Uncovering how cells become organs
Tiny sensors are embedded into stretchable, integrated mesh that grows with the developing tissue
How does a small group of cells organize to become a heart, a brain, or a kidney? This critical period of development has long remained the black box of developmental biology, in part because no sensor was small or flexible enough to observe this process without damaging the cells.
Now, researchers from the Harvard John A. Paulson School of Engineering and Applied Sciences (SEAS) have grown simplified organs known as organoids with fully integrated sensors. These so-called cyborg organoids offer a rare glimpse into the early stages of organ development.
The research was published in Nano Letters.
“I was so inspired by the natural organ development process in high school — the way 3D organs start from few cells in 2D structures. I thought that if we could develop nanoelectronics that are so flexible, stretchable, and soft that they could grow together with developing tissue through their natural development process, the embedded sensors could measure the entire activity of this developmental process,” said Jia Liu, assistant professor of bioengineering at SEAS and senior author of the study. “The end result is a piece of tissue with a nanoscale device completely distributed and integrated across the entire 3D volume of the tissue.”
This type of device emerges from the work that Liu began as a graduate student in the lab of Charles M. Lieber, the Joshua and Beth Friedman University Professor. In Lieber’s lab, Liu once developed flexible, mesh-like nanoelectronics that could be injected in specific regions of tissue.
Building on that design, Liu and his team increased the stretchability of the nanoelectronics by changing the shape of the mesh from straight lines to serpentine structures (similar to those used in wearable electronics). Then, the team transferred the mesh nanoelectronics onto a 2D sheet of stem cells, where the cells covered and interwove with the nanoelectronics via cell-cell attraction forces. As the stem cells began to morph into a 3D structure, the nanoelectronics seamlessly reconfigured themselves accordingly, resulting in fully grown 3D organoids with embedded sensors.
The stem cells then differentiated into cardiomyocytes — heart cells — and the researchers were able to monitor and record the electrophysiological activity for 90 days.

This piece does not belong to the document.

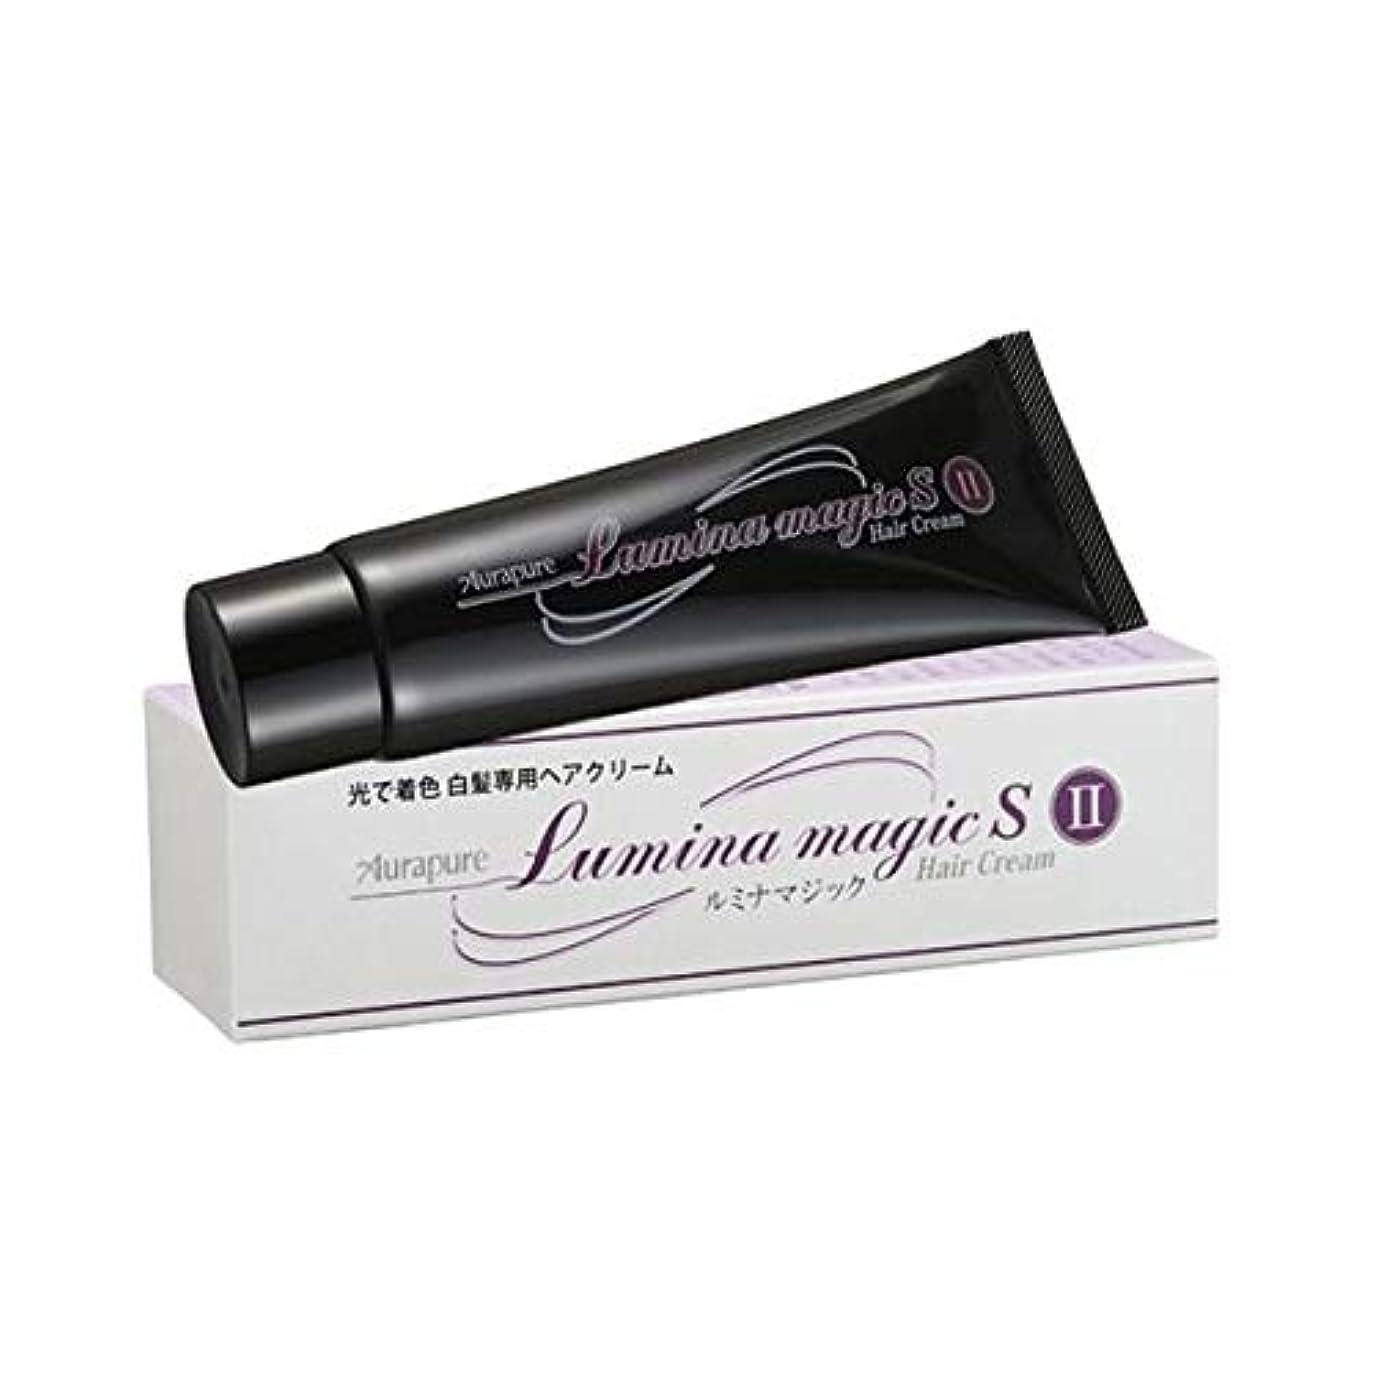 ハングリングレットパケット【3個セット】 光で染まる白髪染め ルミナマジック SII 75g

“This method allows us to continuously monitor the developmental process and understand how the dynamics of individual cells start to interact and synchronize during the entire developmental process,” said Liu. “It could be used to turn any organoid into cyborg organoids, including brain and pancreas organoids.”
In addition to helping answer fundamental questions about biology, cyborg organoids could be used to test and monitor patient-specific drug treatments and potentially for transplantations.
This research was co-authored by Qiang Li, Kewang Nan, Paul Le Floch, Zuwan Lin, Hao Sheng, and Thomas S. Blum. It was supported by the Harvard Dean’s Fund for Promising Scholarship.